───── Records to process ─────

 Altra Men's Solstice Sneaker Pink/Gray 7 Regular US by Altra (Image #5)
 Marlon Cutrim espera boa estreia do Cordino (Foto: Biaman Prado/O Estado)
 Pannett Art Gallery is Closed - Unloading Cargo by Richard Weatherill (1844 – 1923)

─────
───── Records to process ─────

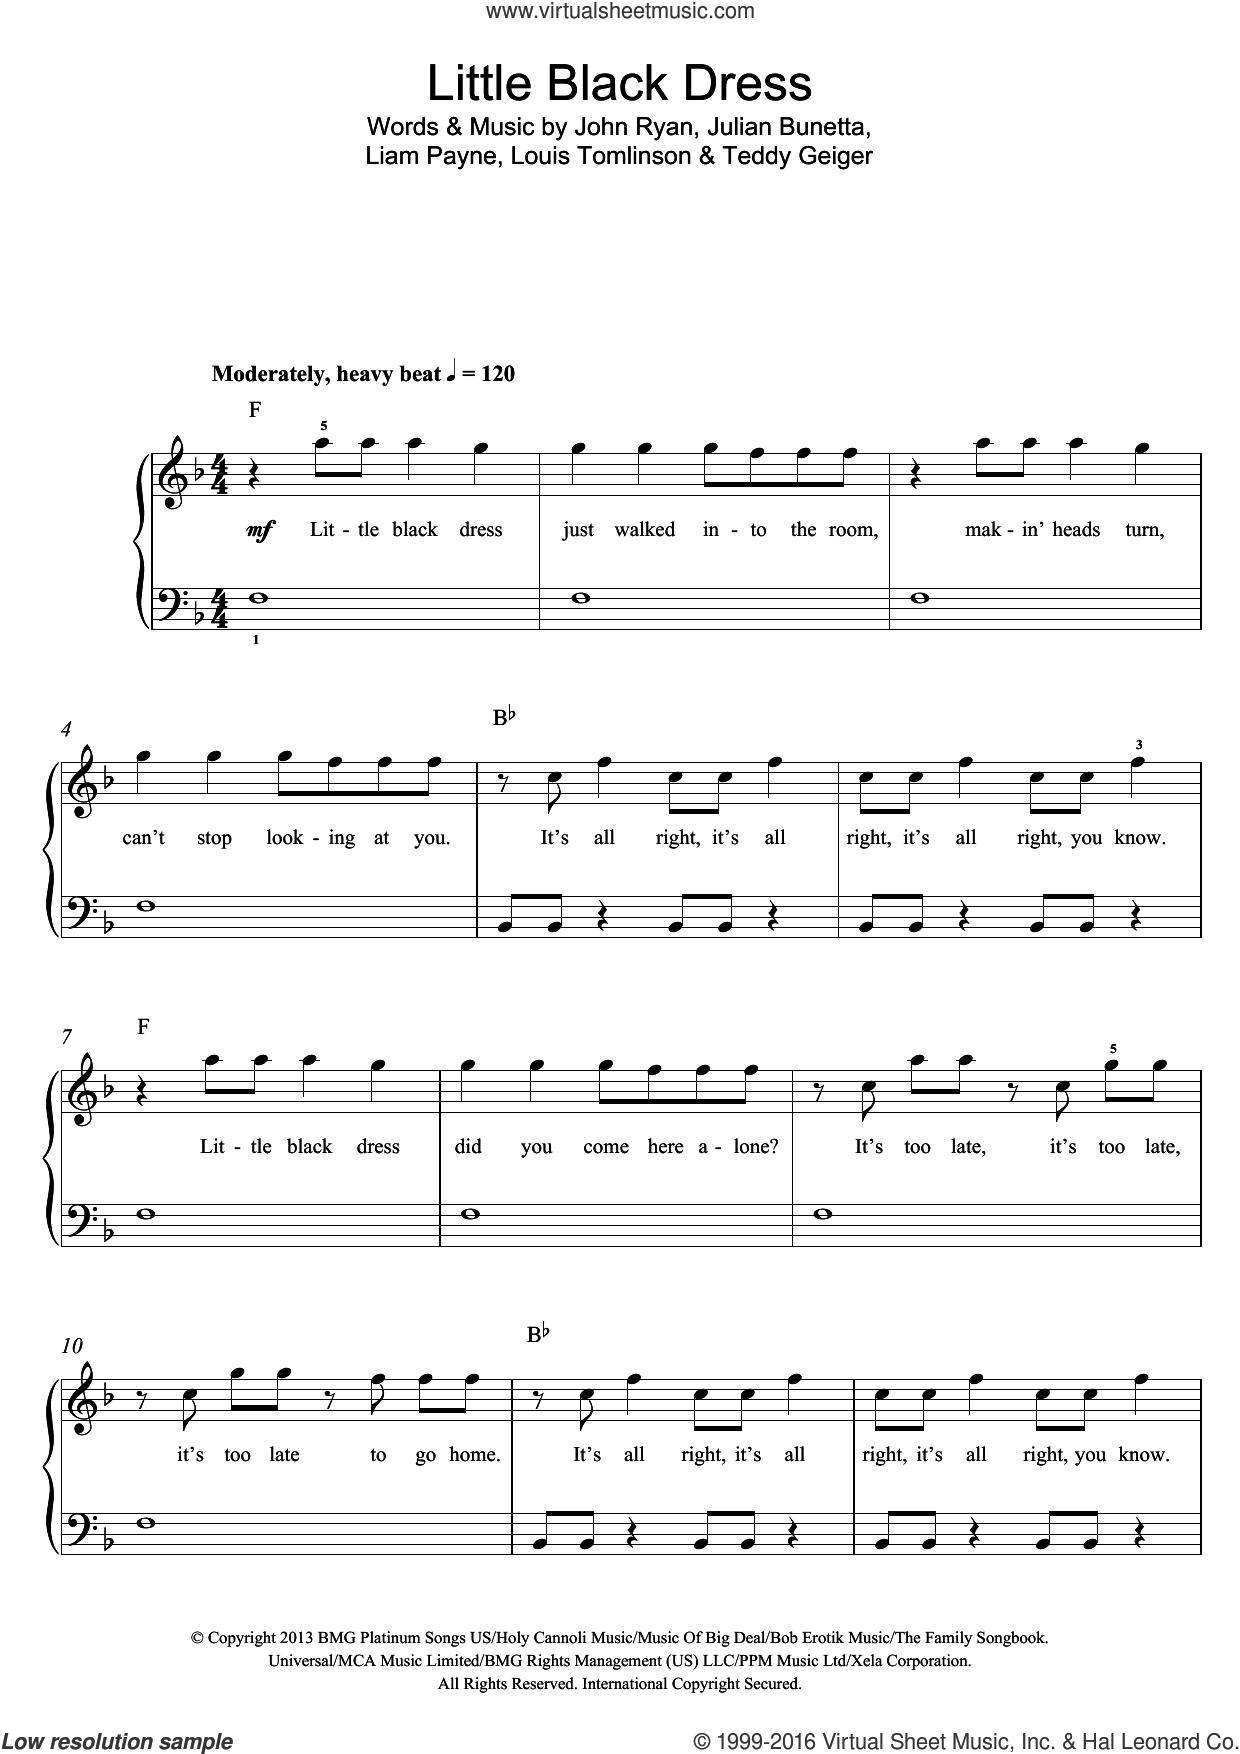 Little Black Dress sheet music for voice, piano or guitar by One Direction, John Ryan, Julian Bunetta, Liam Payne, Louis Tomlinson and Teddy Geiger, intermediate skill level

─────
───── Records to process ─────

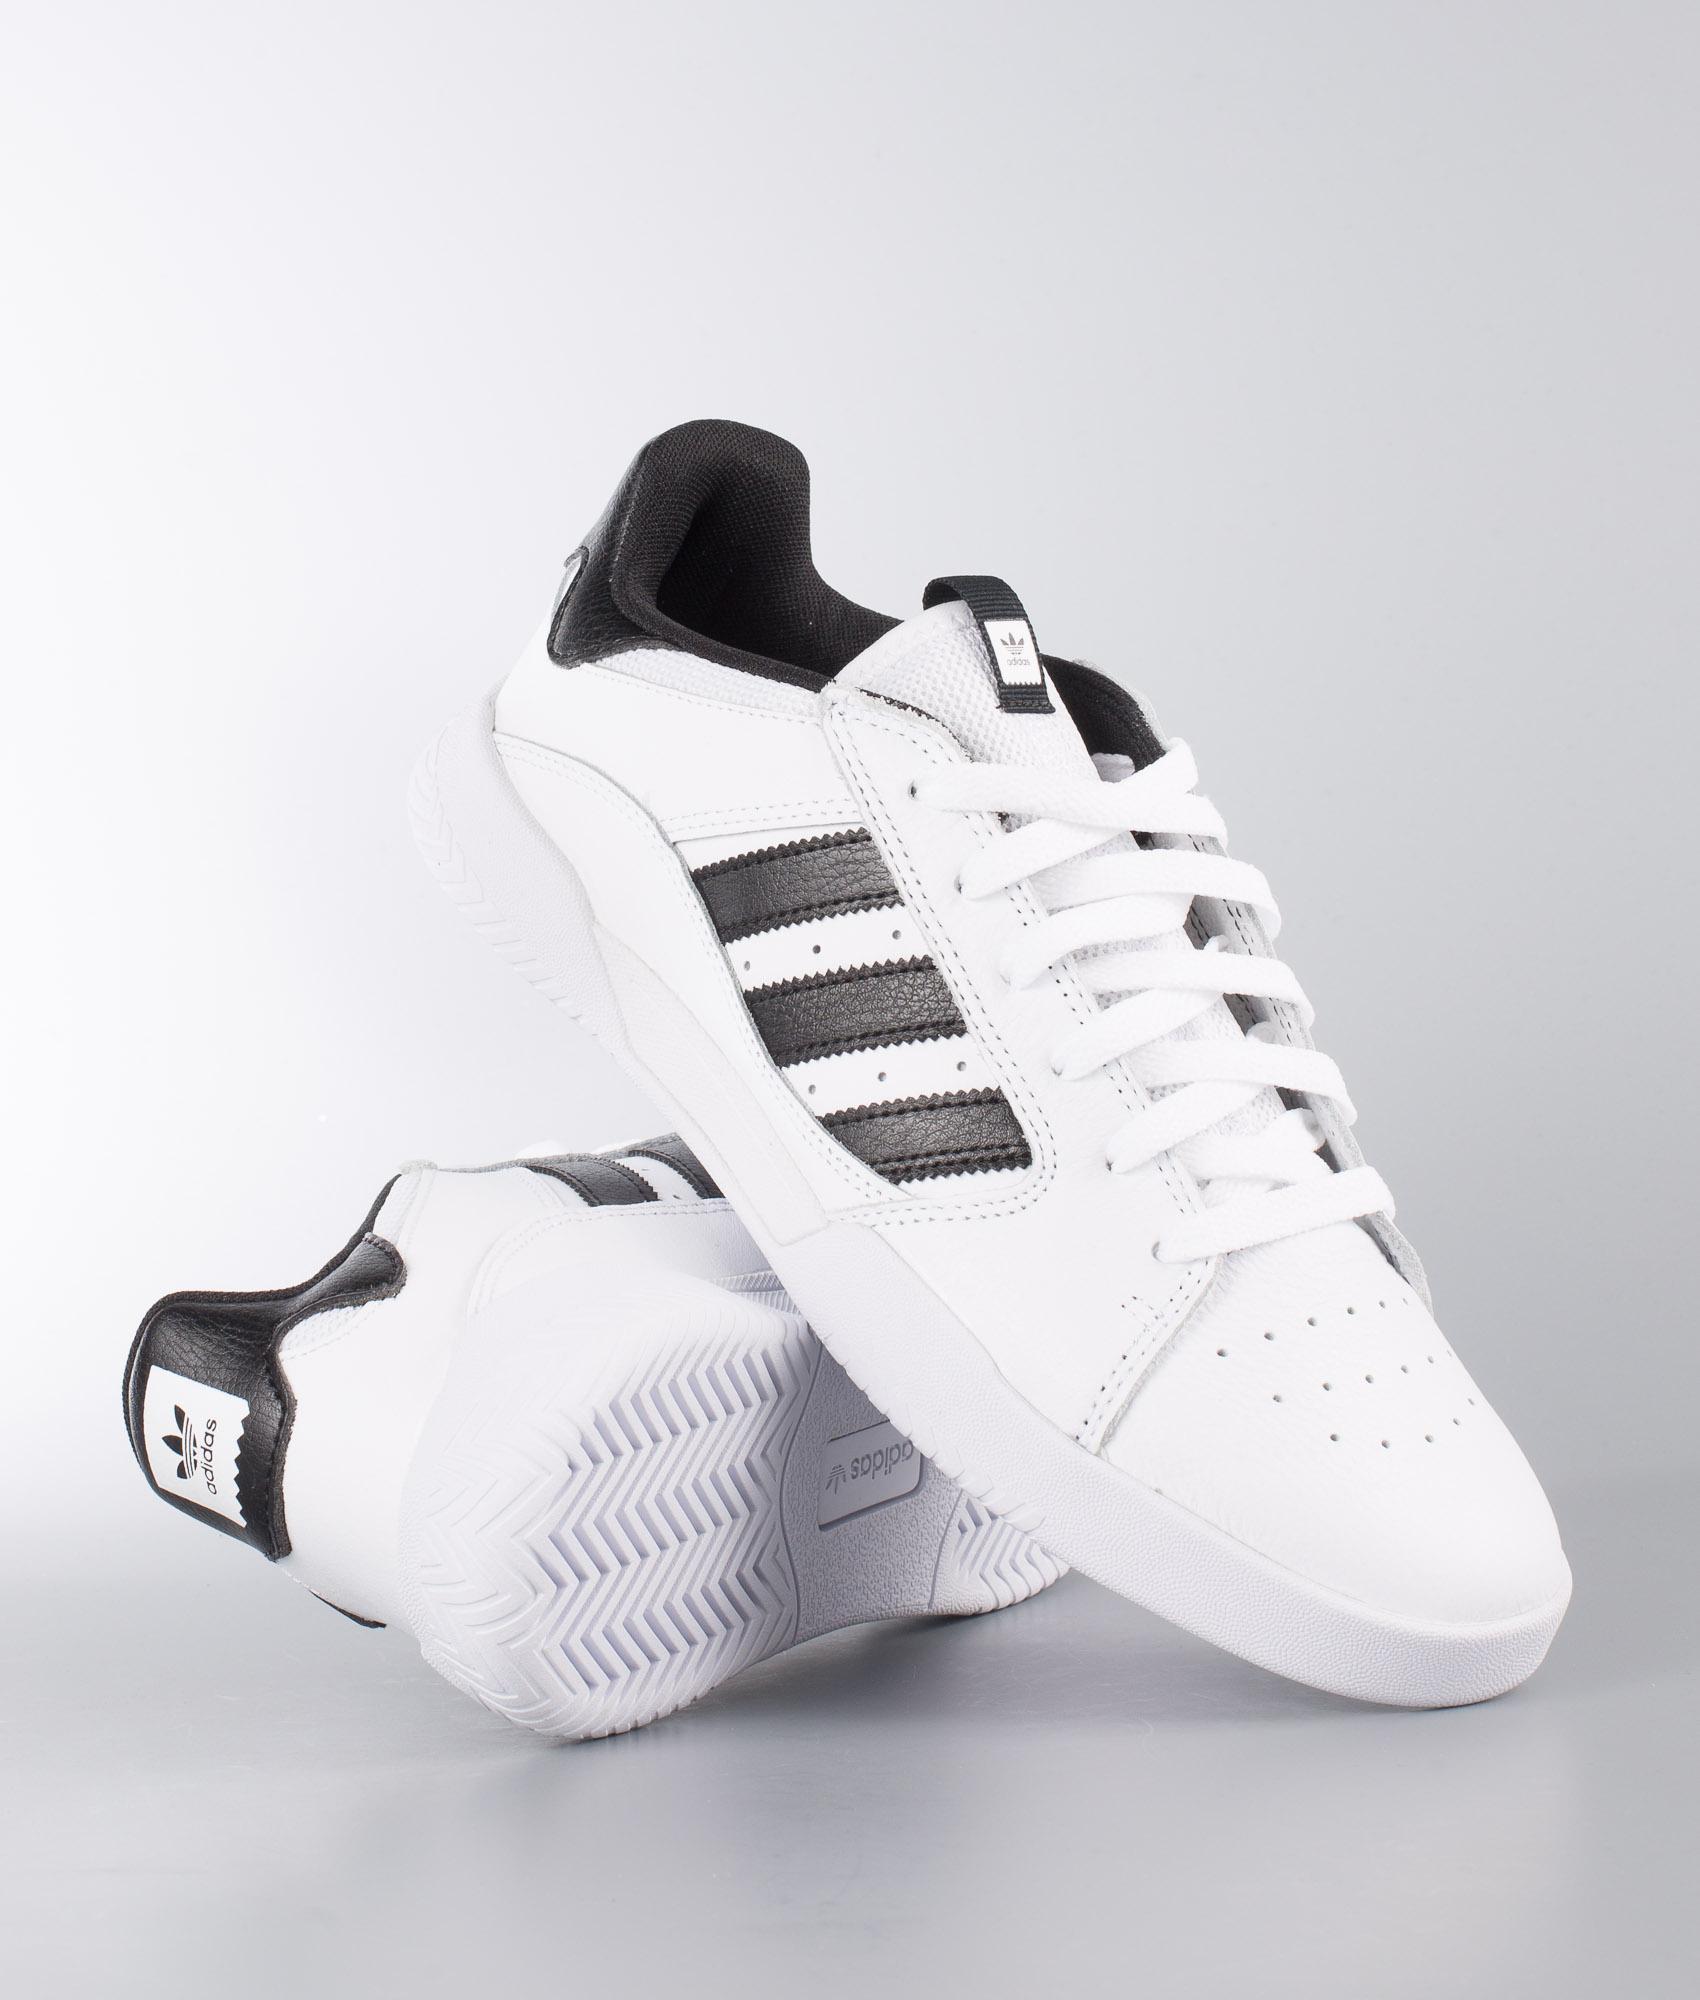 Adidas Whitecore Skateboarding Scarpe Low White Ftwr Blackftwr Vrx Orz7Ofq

─────

### Exercise prompt
In the listing above, locate the line with "Altra Men's Solstice" and the line with "Pannett Art Gallery", then extract exactly those lines and every line between them, and nothing more.

### Exercise response
 Altra Men's Solstice Sneaker Pink/Gray 7 Regular US by Altra (Image #5)
 Marlon Cutrim espera boa estreia do Cordino (Foto: Biaman Prado/O Estado)
 Pannett Art Gallery is Closed - Unloading Cargo by Richard Weatherill (1844 – 1923)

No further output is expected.